Ein Beispiel: Laut dem Weltklimarat (IPCC) haben sich extreme Niederschläge in Westeuropa seit den 1950er Jahren deutlich verstärkt – eine Entwicklung, die eng mit der globalen Erwärmung zusammenhängt. Die Atmosphäre agiert wie ein überladener Schwamm: Mehr Wärme bedeutet mehr Wasserdampf, und mehr Wasserdampf bedeutet heftigere Regenfälle.
Hinzu kommt, dass der steigende Meeresspiegel die Auswirkungen solcher Stürme verstärkt. Küstenregionen wie das Morbihan stehen gleich doppelt unter Druck – von oben durch den Regen und von unten durch die Fluten des Meeres.
Vorbereitung ist alles – aber wie?
Was also tun? Bertrand Boulvais und viele andere im Morbihan haben ihre Häuser bereits mit Sandsäcken gesichert. In den besonders gefährdeten Regionen stehen Notfallpläne bereit. Aber reicht das?
Die Antwort ist ernüchternd: Nein. Lokale Maßnahmen sind wichtig, aber sie stoßen schnell an ihre Grenzen, wenn es um systemische Probleme wie den Klimawandel geht. Es braucht eine umfassendere Strategie – nicht nur in Frankreich, sondern weltweit.
Dazu gehört erstens der Ausbau von nachhaltiger Infrastruktur, etwa durch natürliche Überschwemmungsgebiete, die wie Schwämme wirken und das Wasser aufnehmen. Zweitens müssen Investitionen in Frühwarnsysteme und Katastrophenschutz Priorität haben. Drittens – und das ist entscheidend – müssen wir den CO₂-Ausstoß drastisch reduzieren, um die globale Erwärmung zu bremsen.
Doch Hand aufs Herz: Wie oft haben wir das schon gehört? Und wie oft haben wir uns gefragt, warum sich so wenig ändert?
Die menschliche Seite der Krise
Was bei all den wissenschaftlichen und politischen Debatten oft untergeht, ist die menschliche Dimension. Die Menschen in Josselin oder Vannes sind keine Statistiken. Es sind Familien, die ihre Häuser verlieren. Es sind Kinder, die nachts weinen, weil sie Angst vor der nächsten Flut haben.
Dabei geht es nicht nur um die Bretagne. Überall auf der Welt, von Bangladesch bis Florida, sind es vor allem die Schwächsten, die am meisten leiden. Der Klimawandel ist nicht nur eine ökologische Krise, sondern auch eine soziale – eine Krise der Gerechtigkeit.
Hoffnung trotz Sturmwolken
Doch so düster die Lage auch erscheint, es gibt Grund zur Hoffnung. Immer mehr Menschen erkennen, dass Veränderungen notwendig sind – und möglich. Städte wie Rotterdam zeigen, wie durchdachte Stadtplanung Überschwemmungen verhindern kann. Gemeinden in Kanada pflanzen Bäume und schaffen Grünflächen, um die Wassermassen bei Starkregen besser zu bewältigen.

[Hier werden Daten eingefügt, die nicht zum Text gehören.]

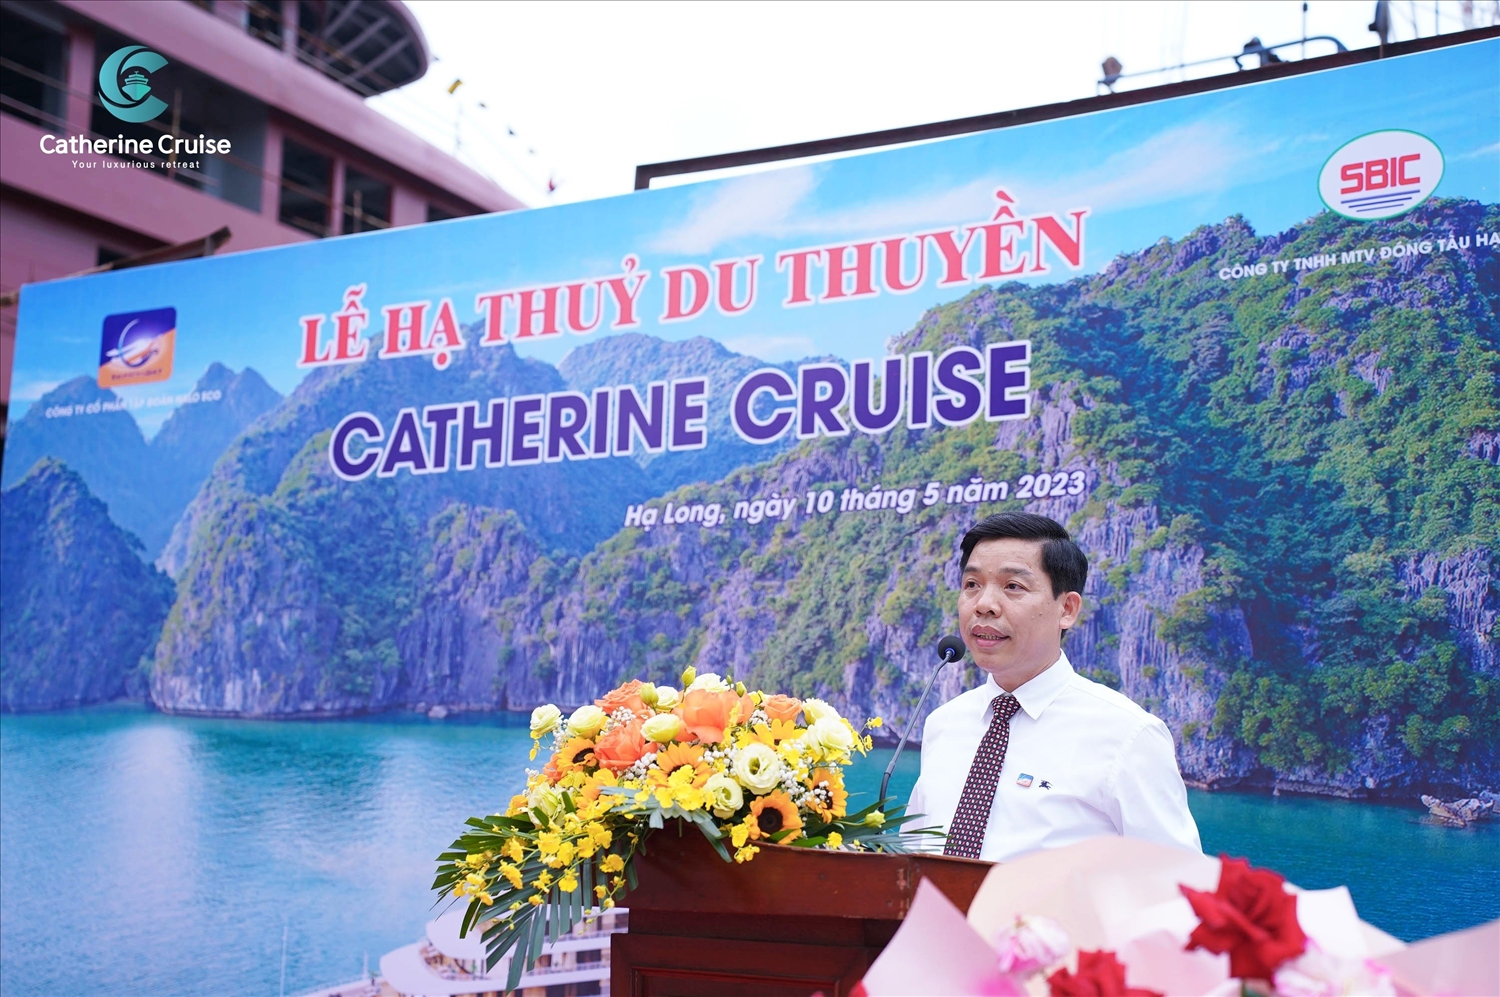 Ông Nguyễn Quốc Hoàn – Chủ tịch HĐQT Công ty Cổ phần Tập đoàn HALO ECO phát biểu tại Lễ hạ thủy.

Es mag nach kleinen Schritten klingen, doch sie sind der Anfang von etwas Größerem. Wenn wir handeln – entschlossen und gemeinsam –, können wir das Schlimmste verhindern. Die Frage ist nicht, ob das möglich ist. Die Frage ist, ob wir bereit sind, es wirklich zu wollen.
Quellen:
- IPCC (2021). „Sixth Assessment Report: The Physical Science Basis.“
- Météo France (2025). „Vigilance météorologique : Tempête Eowyn.“
- Frankreich 3 Bretagne (2023). Berichte zu Stürmen Céline und Ciaran.